We can see HW crypto really works and encryption is faster.

I will also test the case that traffic between LAN PC and WAN PC(openvpn client), which needs some time to set a few firewall rules. I will share the result. BTW, one another question may not related to this topic, do you know if cavium cn70xx/cn71xx chips support HW nat? HW NAT means application CPU (it's MIPS CPU in cn70xx/cn71xx) only sets the nat rule to one HW and then traffic is forwarded by this HW.

unfortunatly i have no experience with cn70xx. i have such a device but i have never seen any code for hw nat for this device.

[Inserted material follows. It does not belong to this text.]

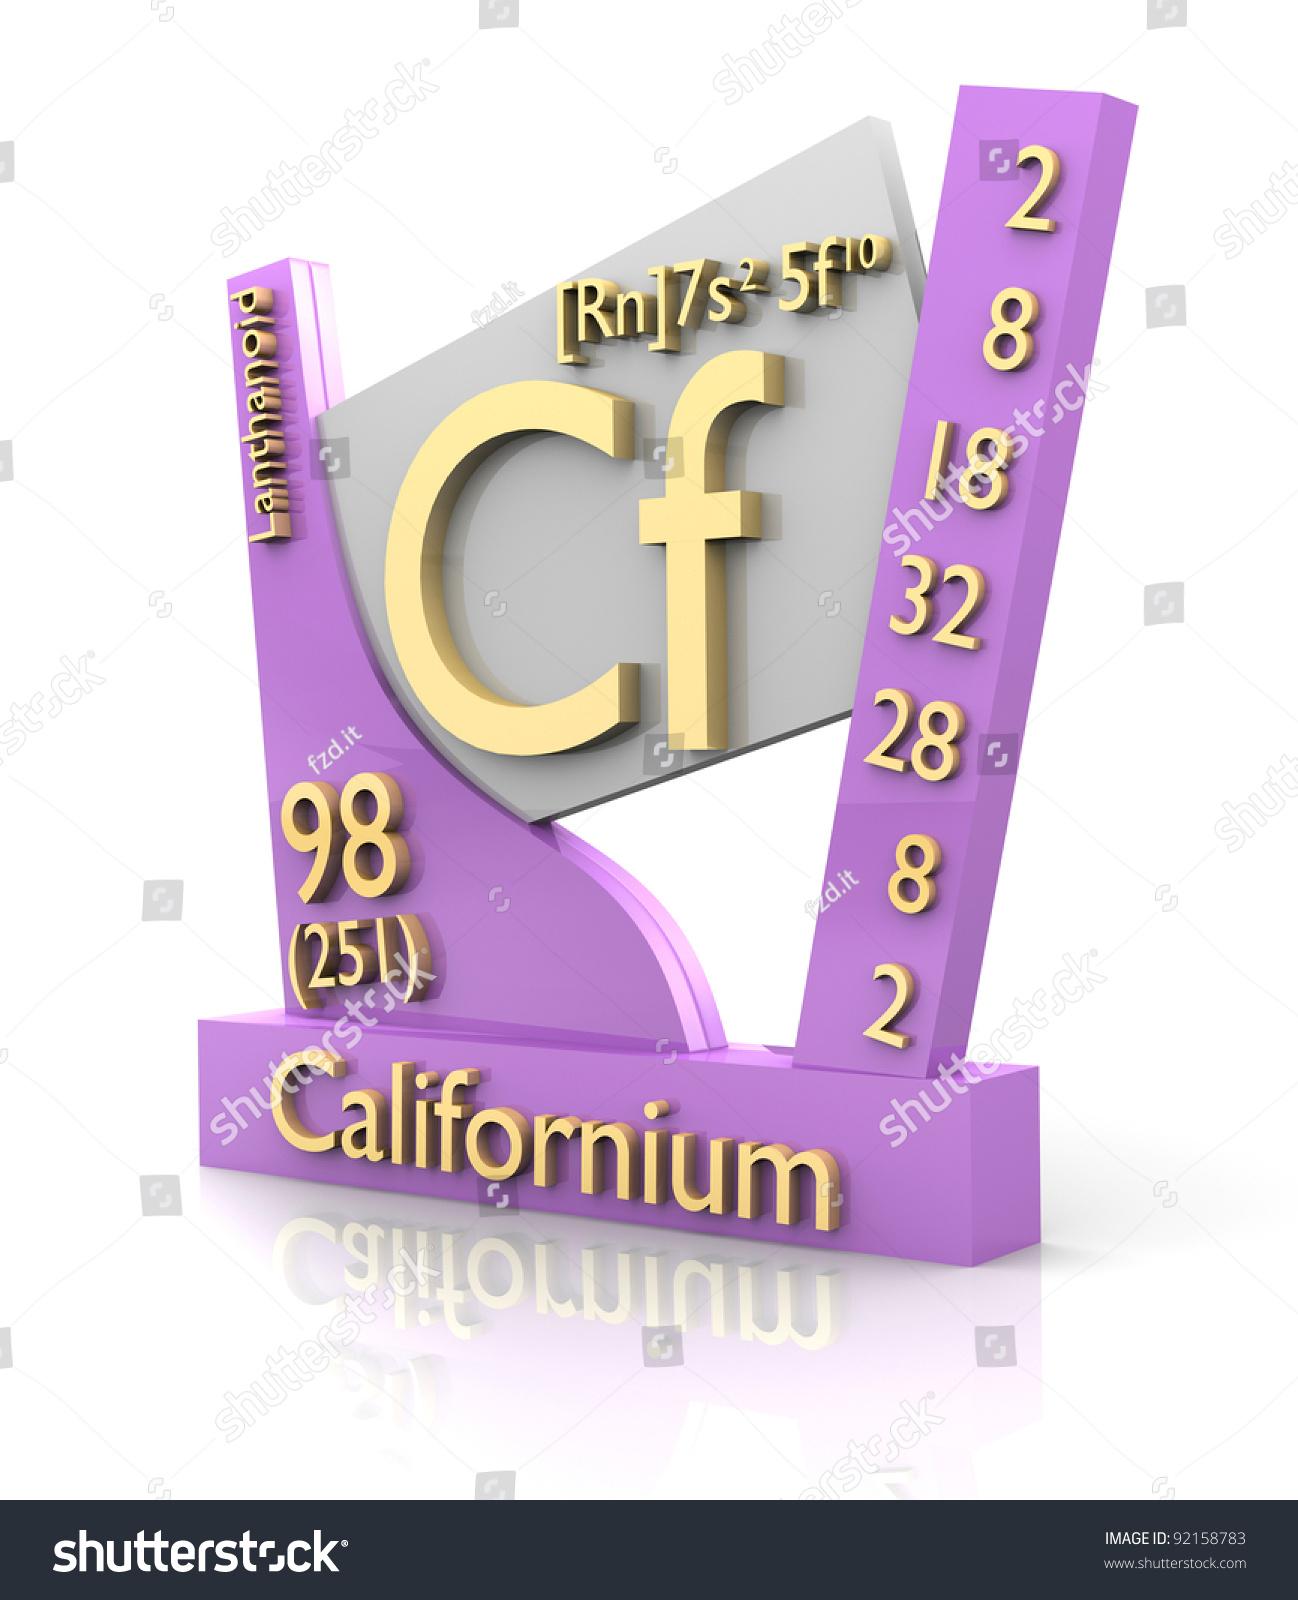 Californium form periodic table elements 3d stock illustration californium form periodic table of elements 3d made gamestrikefo Images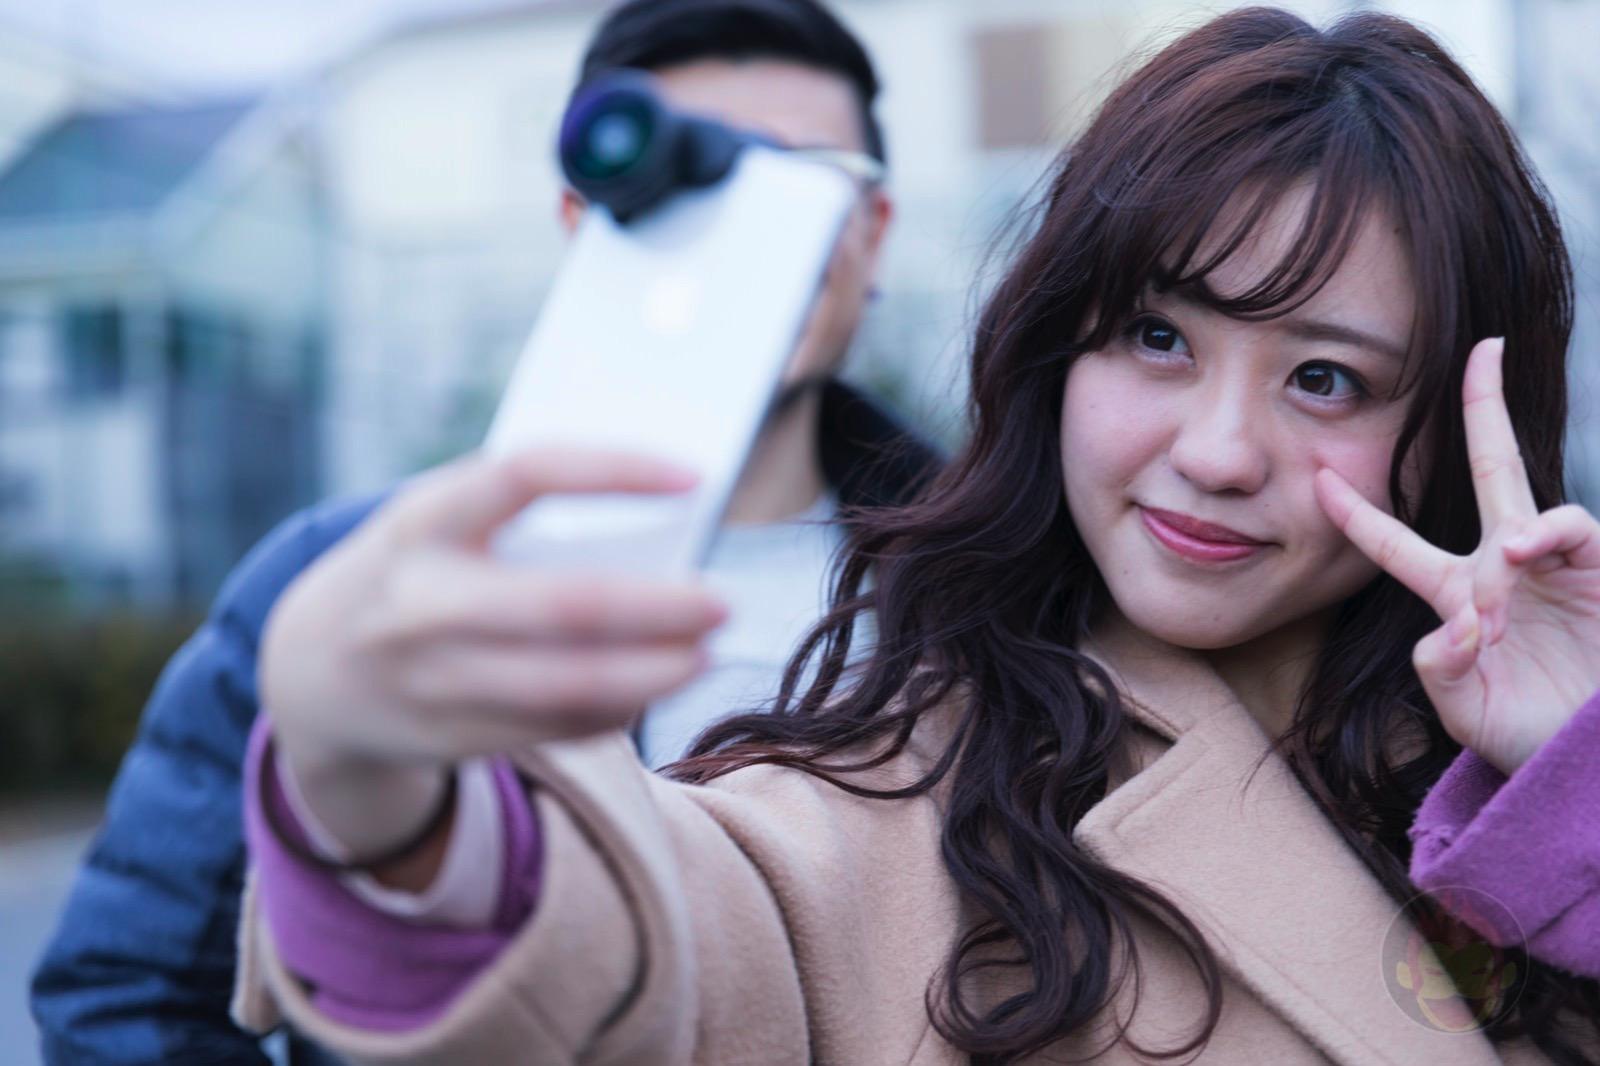 Fusion-Lens-360-iPhone-Camera-04.jpg

for the hw crypto. i will spend some more time in making it better. especially in avoiding disabling irq's etc. i already started with it for some algorithms, but for gcm its a little bit more complicated. but at least we have a good start with 3 times better performance. but i expect we can do 5 times better performance

Are you sure this? Any number can be referred to? I'm very curious:

  1. If I only use this hw crypto in kernel space and no hw crypto operations from user space, can I remove irq disable/restore to get better performance?
  2. Furthermore, If ovpn-dco is only user for this hw crypto in the kernel space, can I bypass something to get better performance?
  3. I'm also thinking if we call ASM primitives of hw crypto in ovpn-dco itself, can we get better performance. I know this needs a lot of work and make the code not fit kernel crypto framework. , just curious.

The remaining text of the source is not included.